4. The method of claim 2, wherein constructing the dataset comprises:

for each image in the predetermined number of images in the dataset, acquiring gray values of all pixels of a foreground object corresponding to each image;

setting mask image labels for all pixels in each image, wherein if the pixels belong to a foreground object, the mask image labels corresponding to the pixels are 1, and if the pixels belong to a background, the mask image labels corresponding to the pixels are 0;

and marking whether each image is an image with a foreground object and the foreground object ratio being greater than or equal to a preset ratio.

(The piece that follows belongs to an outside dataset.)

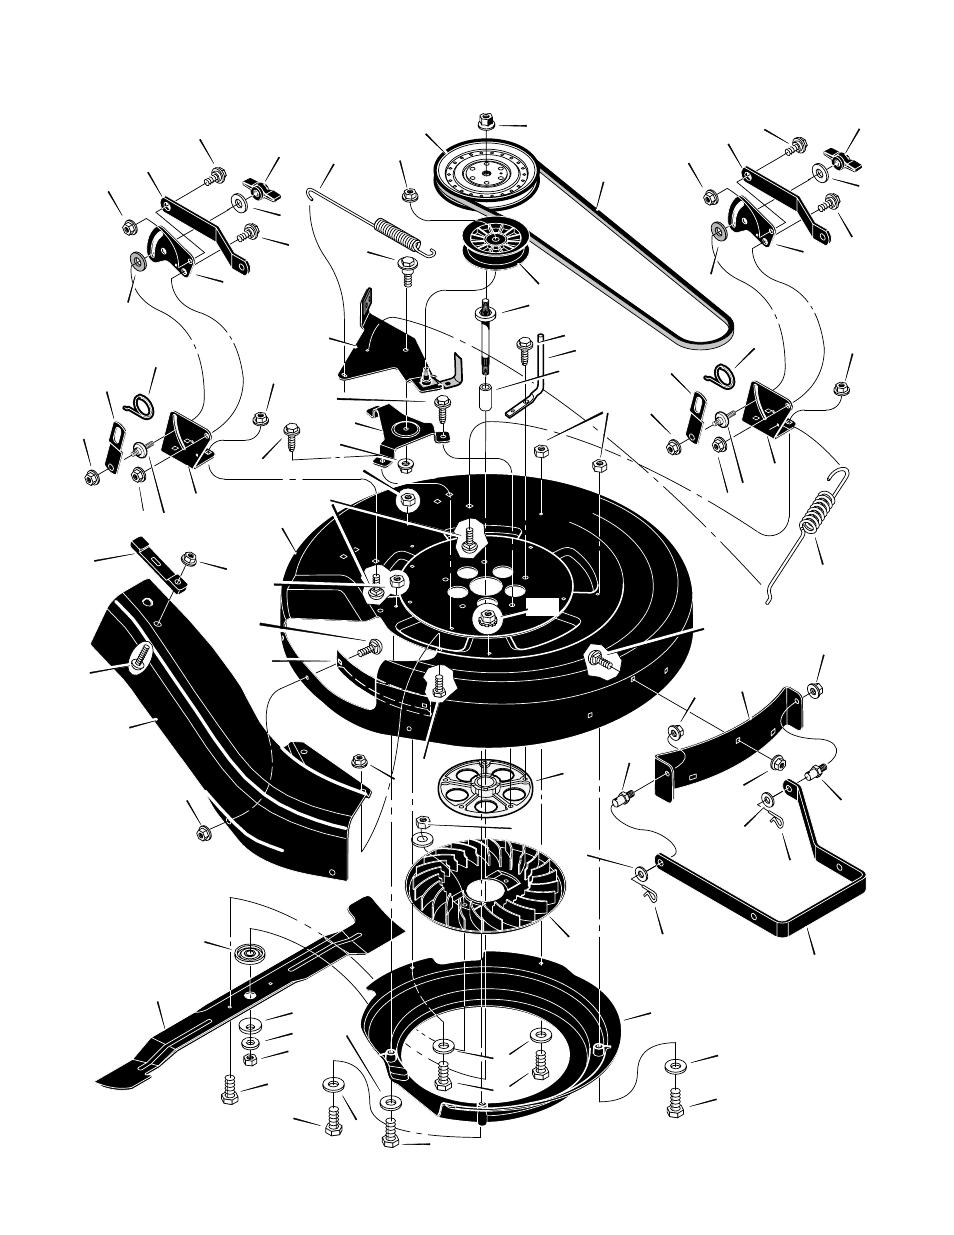 Repair Parts Code131b  Mower Housing

5. A foreground object extraction apparatus, comprising:

the acquisition module is used for acquiring a target image acquired by the camera;

the first input module is used for inputting the target image into a pre-trained target neural network model to obtain the characteristic information of the target image output by a backbone network of the target neural network model;

the second input module is used for inputting the characteristic information into the full-connection layer of the target neural network model to obtain a classification result of the target image;

The third input module is used for inputting the characteristic information of the target image into the corresponding foreground target segmentation structure according to the classification result to obtain a foreground target image corresponding to the target image;

wherein the second input module comprises:

The first input sub-module is used for inputting the characteristic information of the target image into two full-connection layers of the target neural network model under the condition that the target image contains a foreground target and the foreground target duty ratio is larger than or equal to a preset ratio, so that a classification result of the target image is a first classification result;

the second input sub-module is used for inputting the characteristic information of the target image into two full-connection layers of the target neural network model under the condition that the target image contains a foreground target and the foreground target duty ratio is smaller than the preset ratio, so that a classification result of the target image is a second classification result;

wherein the third input module comprises:

The third input sub-module is used for inputting the characteristic information of the target image into a corresponding first foreground target segmentation structure to obtain a foreground target image corresponding to the target image under the condition that the classification result is the first classification result; or alternatively

The fourth input sub-module is used for inputting the characteristic information of the target image into a corresponding first foreground target segmentation structure to obtain a foreground target image corresponding to the target image under the condition that the classification result is the first classification result; and under the condition that the classification result is the second classification result, inputting the characteristic information of the target image into a corresponding second foreground target segmentation structure to obtain a foreground target image corresponding to the target image.

6. A computer-readable storage medium, characterized in that the storage medium has stored therein a computer program, wherein the computer program is arranged to execute the method of any of the claims 1 to 4 when run.

7. An electronic device comprising a memory and a processor, characterized in that the memory has stored therein a computer program, the processor being arranged to run the computer program to perform the method of any of the claims 1 to 4.